Im Falle der Beklagten zu 1 ergäbe sich die Sittenwidrigkeit des Testaments aus ihrem Verhalten und Einlassungen. Es ergebe sich, dass der Beklagten eine mögliche Testierunfähigkeit bewusst gewesen sei und eine ärztliche Beurteilung dessen geboten, jedoch unterlassen wurde. Diese Beurteilung sei auch gerade mit Blick auf die Unterbringung und die ständige ärztliche Beobachtung des Erblassers durch verschiedene Ärzte möglich gewesen. Zudem gibt die Beklagte in der Folgezeit weitere Berichte ab, in denen ein Betreuer ihren Einschätzungen zufolge weiterhin notwendig sei. Zur notariellen Beurkundung des Testaments habe die Beklagte eine ihr bekannte Notarin bestellt, obwohl sie von einer möglichen Erbeinsetzung gewusst habe. Zudem sei fragwürdig, warum das Testament bereits drei Monate nach der Entlassung aus dem Krankenhaus und sieben Jahre vor dem Tod erstellt und, warum die Erbeneinsetzung dem Betreuungsgericht verschwiegen wurde. Nach dem Tod des Erblassers hätten die Beklagten das Vermögen des Erblassers unter sich aufgeteilt und erst bei einem ersten Scheitern, beim Zugriff auf ein Konto, einen Erbschein beantragt. Äußerst zu bezweifeln sei auch ein freundschaftliches Verhältnis des Beklagten zu 2 zu dem Erblasser im Zeitpunkt der Testamentserrichtung, da sich die beiden kaum kannten.

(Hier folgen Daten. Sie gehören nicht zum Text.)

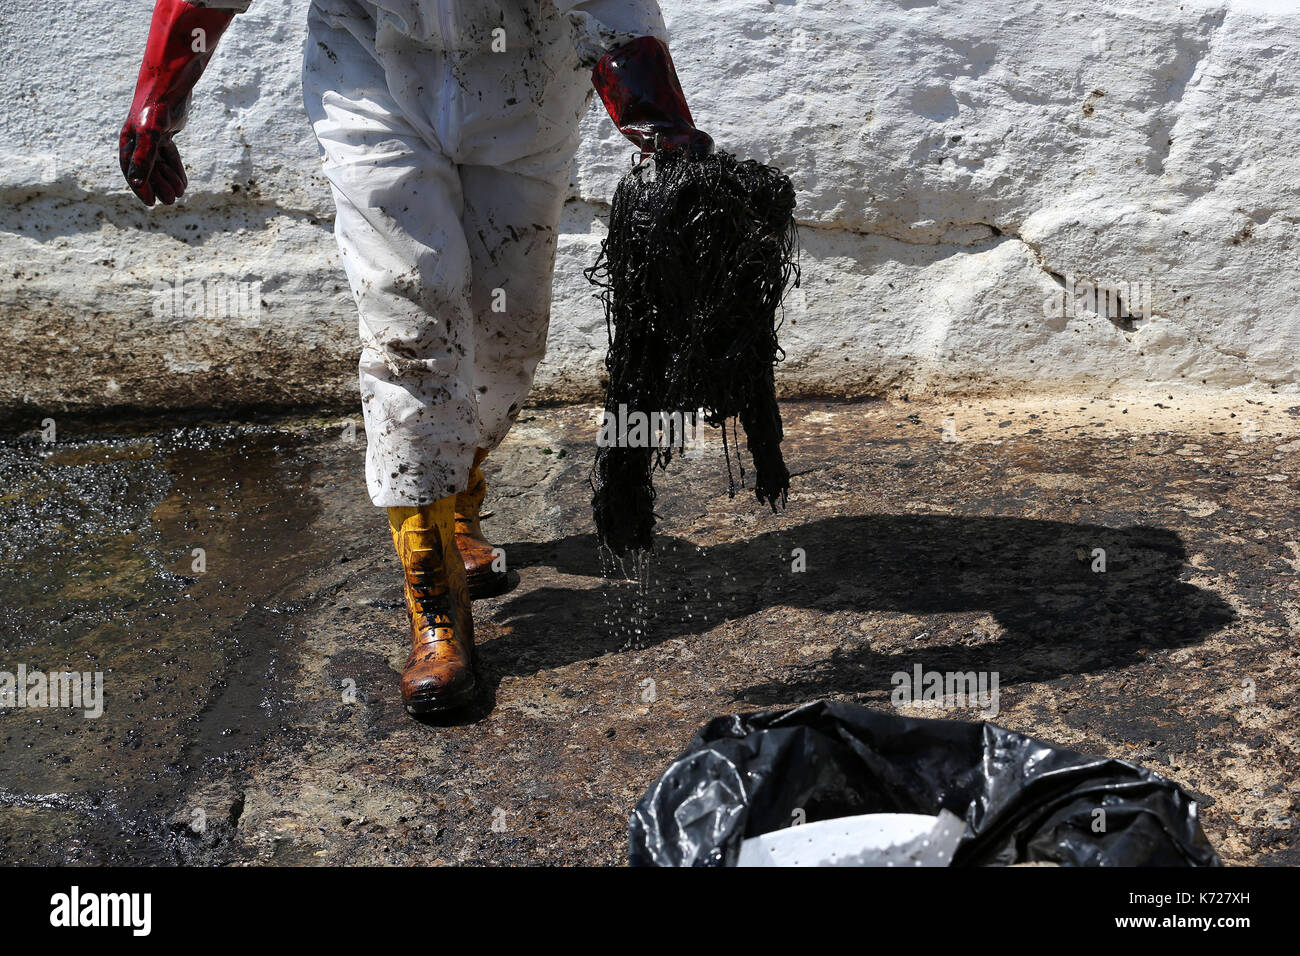 (170914) -- ATHENS, Sept. 14, 2017 (Xinhua) -- A specialized crew member takes part in an operation to clean the oil spill from the shores of Piraeus, a southeast suburb of Athens, capital of Greece, on Sept. 14, 2017. A major clean-up operation which was underway on Thursday to address an oil spill that has spread across a large area of the Saronic Gulf will last for about three weeks, Greek Shipping Minister Panagiotis Kouroumblis told a press briefing. The environmental crisis broke out on Sunday after the sinking of small tanker 'Agia Zoni II' carrying about 2,500 tons of oil, which was an Stock Photo
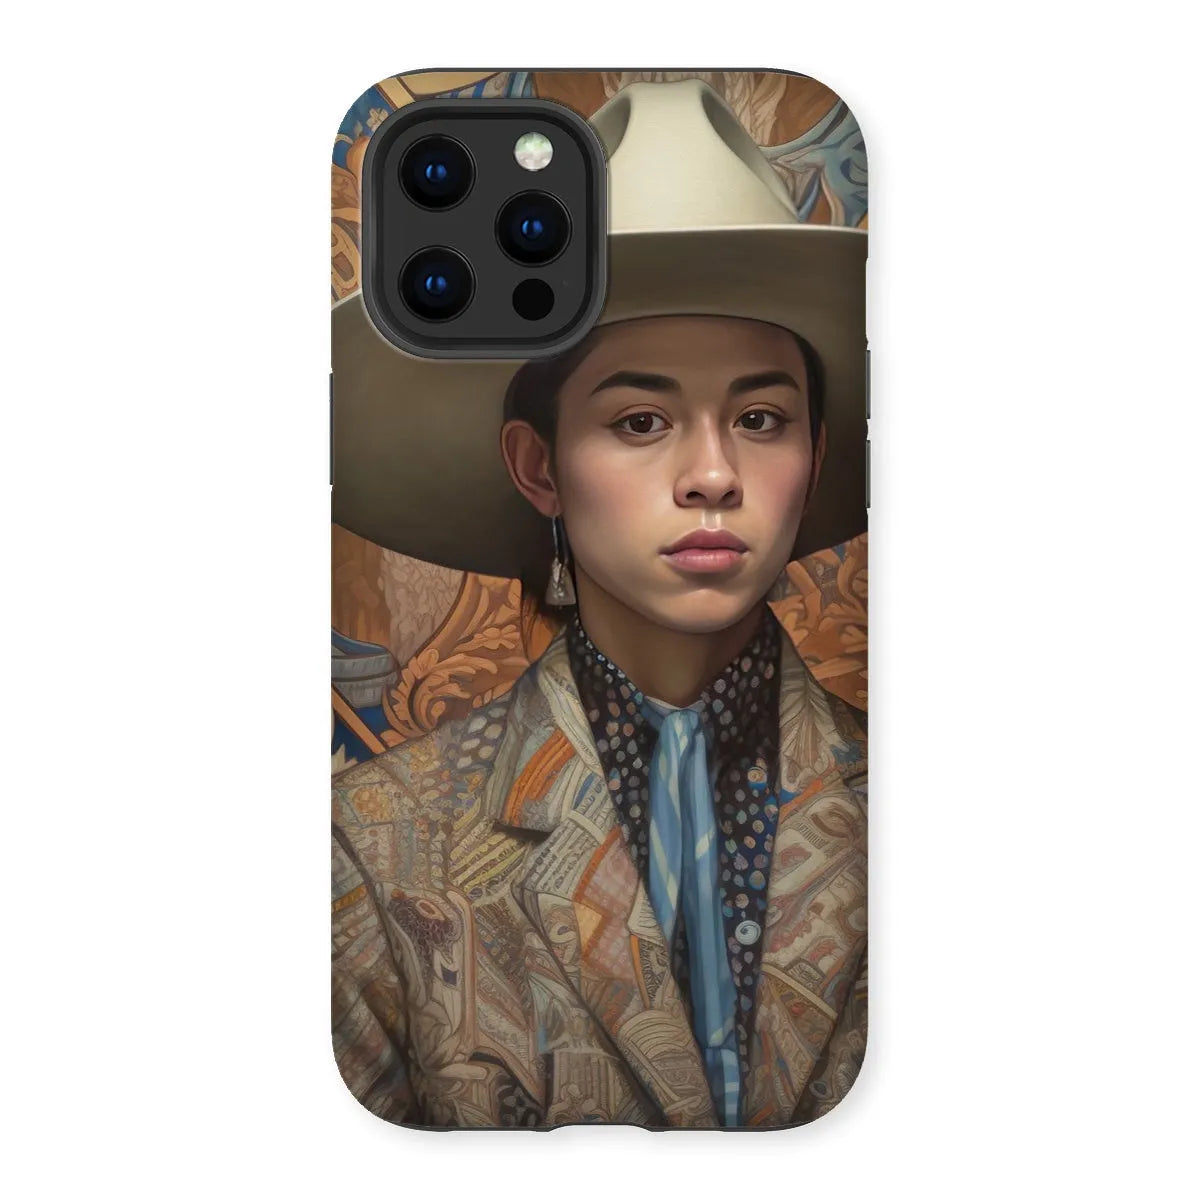 Angel The Transgender Cowboy - F2m Outlaw Art Phone Case - Iphone 12 Pro Max / Matte - Mobile Phone Cases - Aesthetic

Der Maßstab bei der Anwendung von § 138 BGB ändere sich auch nicht mit Blick darauf, dass das Land Niedersachsen mit hoher Wahrscheinlichkeit der nachrangige Erbe ist.

Praxishinweis | OLG Celle 6 U 22/20

Auch wenn im Falle einer Betreuung § 14 Abs. 5 HeimG keine entsprechende Anwendung findet, sieht die Rechtsprechung eine enge Verbundenheit zwischen Betreuer und Betreutem, welche ausgenutzt und zu missbräuchlichem Verhalten seitens des Betreuers verleiten könnte. So sei die Sittenwidrigkeit zwar auch weiterhin sparsam zu bejahen, in der Zukunft jedoch unter Würdigung aller Umstände des Einzelfalls sorgfältig zu prüfen.